Unfortunately, the paper is only available to ACM members.

EDITED TO ADD (8/24): Paper is here.

Posted on August 23, 2006 at 02:11 PM23 CommentsView Blog Reactions

To receive these entries once a month by e-mail, sign up for the Crypto-Gram Newsletter.

Comments

... available only to ACM members that are also either SIGIR members or ACM Digital Library subscribers, that is.

It's hard to tell from the abstract just how the "misdirection strategy" would solve the problem.

Posted by: underpaid ACM member at August 23, 2006 04:04 PM


just a guess, the misdirection strategy works by populating the sparse relation space with spurious relations.

Posted by: another_bruce at August 23, 2006 04:16 PM


I'm looking into getting access via my employer; if I get it, I'll try to post my thoughts.

@ underpaid ACM member
Solve the problem? Is that really stated in the paper? I can imagine misdirection making the sparse relational space much more cluttered, thus introducing more variation and lower likelihood of re-identification. Yikes, some ugly terms in there...

Posted by: zencoder at August 23, 2006 04:24 PM


I was wondering if you could take this a step further and make the links between the separate identities based on idiosyncrasies of the persons grammar, vocabulary, spelling errors, terminology, etc. Most people tend to speak and write in distinct patterns, but are those patterns unique enough to derive any relationships from one blog to another?

Posted by: Anonymous at August 23, 2006 04:45 PM


Or you could just download the PDF from the author's web site: http://www-users.cs.umn.edu/~dfrankow/pubs.htm

Posted by: Evan at August 23, 2006 04:51 PM


or get the video of his talk at http://tinyurl.com/l3r2u (google vid 78mb avi)

Posted by: Savek at August 23, 2006 05:27 PM


This posting is under my "standard pseudonym", which I use here and several other places. I have wondered at various times how hard it would be to connect this to my real name - I have at various points left clues* as to my real identity - which country I live in, information about my job etc. Access to private data from some websites would lead directly to my real-world e-mail address, so it would pose little challenge if (e.g.) the CIA for some reason wanted to find out who I was.

* Not deliberately left as clues, but because it was relevant to some point I was making.

Posted by: Filias Cupio at August 23, 2006 06:22 PM


Solve the problem? Strike no man, do no man wrong, be content with your wages. Problem solved.

Posted by: Jim at August 23, 2006 06:47 PM


how is this news?

it is blindingly obvious that using a similar name in various places will allow you to be linked.

or the fact that you discuss your school in one place, and your teachers in other, and then classmates in one more. that can all be linked? what a unique and interesting discovery... wow.

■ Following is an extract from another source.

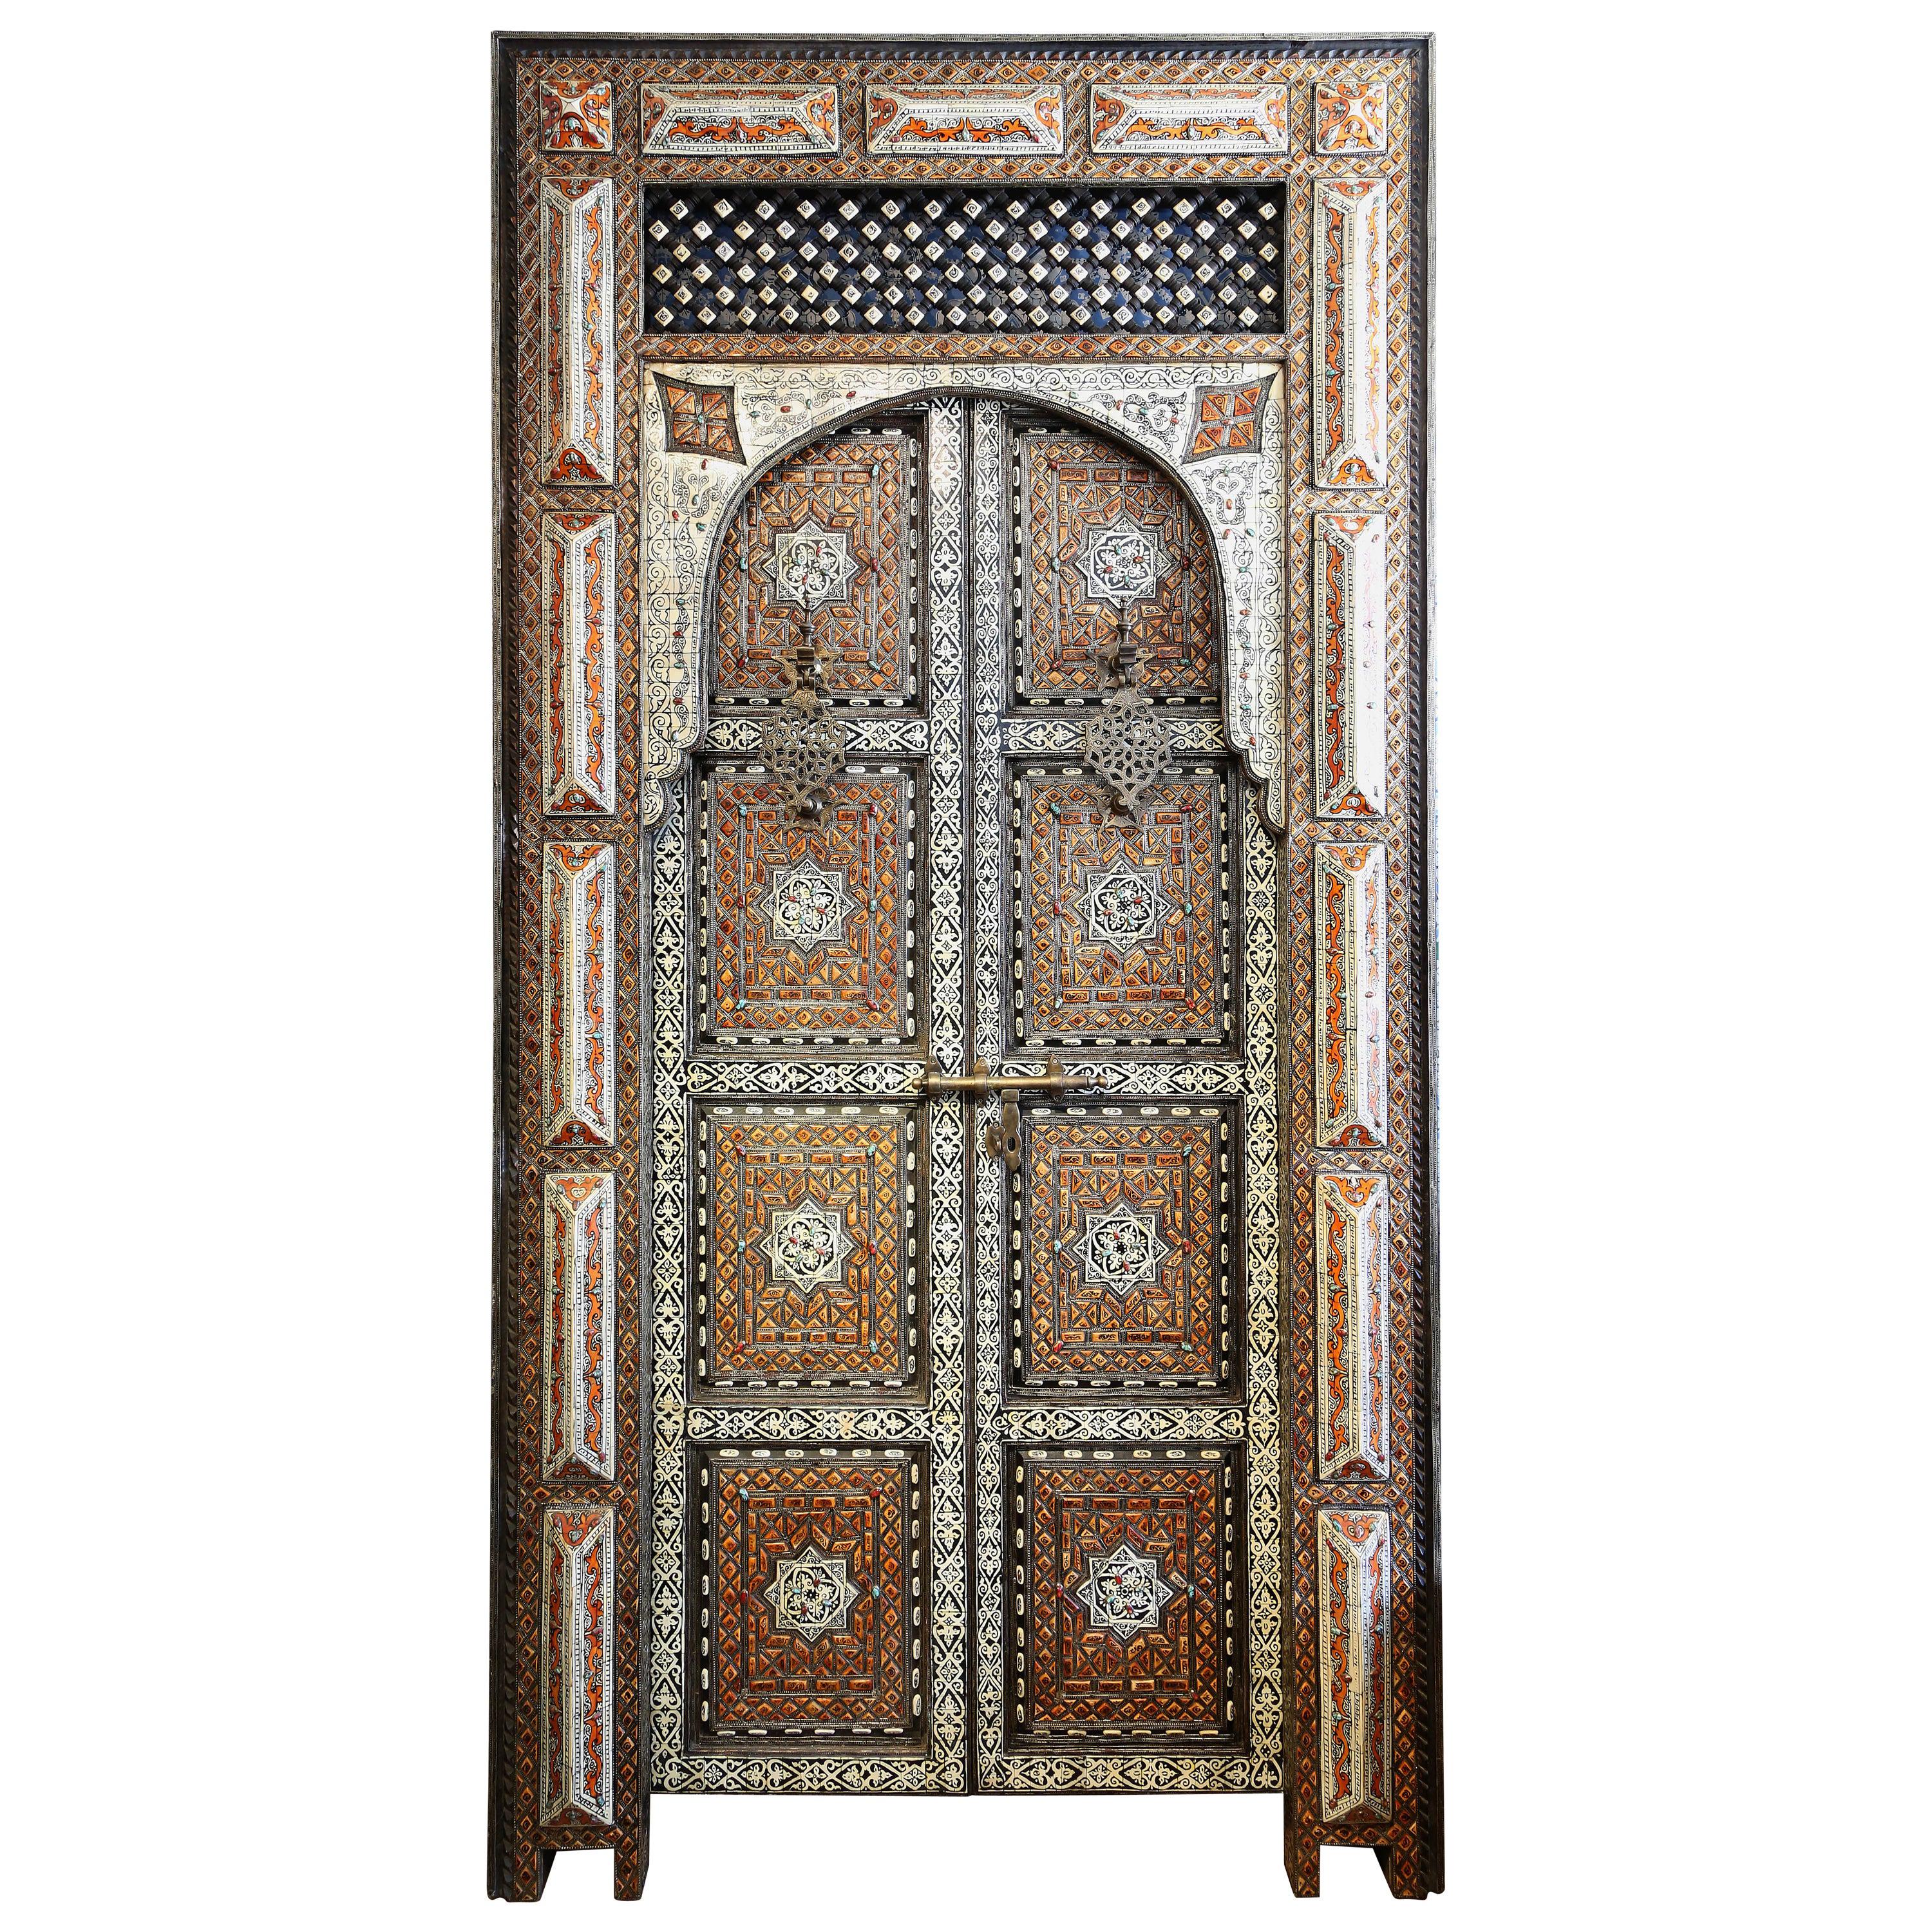 Exquisite Moroccan Palace Door with Camel Bone and Semi Precious Stones For Sale
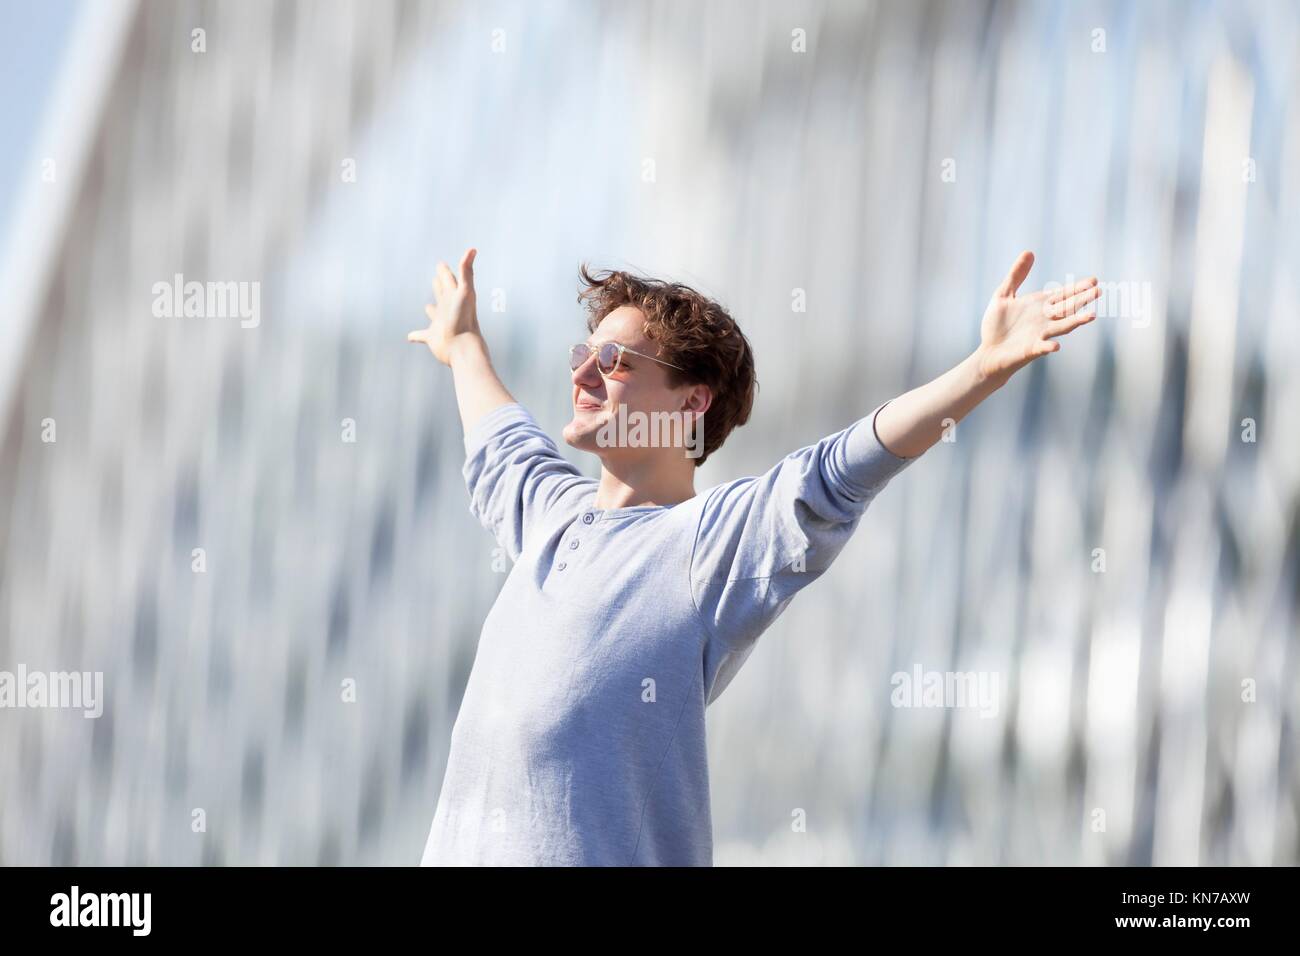 Excited Young Man Stretching out his Arm in Emotion Outdoors. Stock Photo

Posted by: silkio at August 23, 2006 07:16 PM


@Jim

You're forgetting one thing: be innocent of thoughtcrime.

Posted by: Dido Sevilla at August 23, 2006 10:12 PM


@Jim

You're forgetting one thing: be innocent of thoughtcrime.

Posted by: Dido Sevilla at August 23, 2006 10:13 PM


The misdirection strategy has an obvious downside, though: Suddenly Netflix is recommending movies you can't stand.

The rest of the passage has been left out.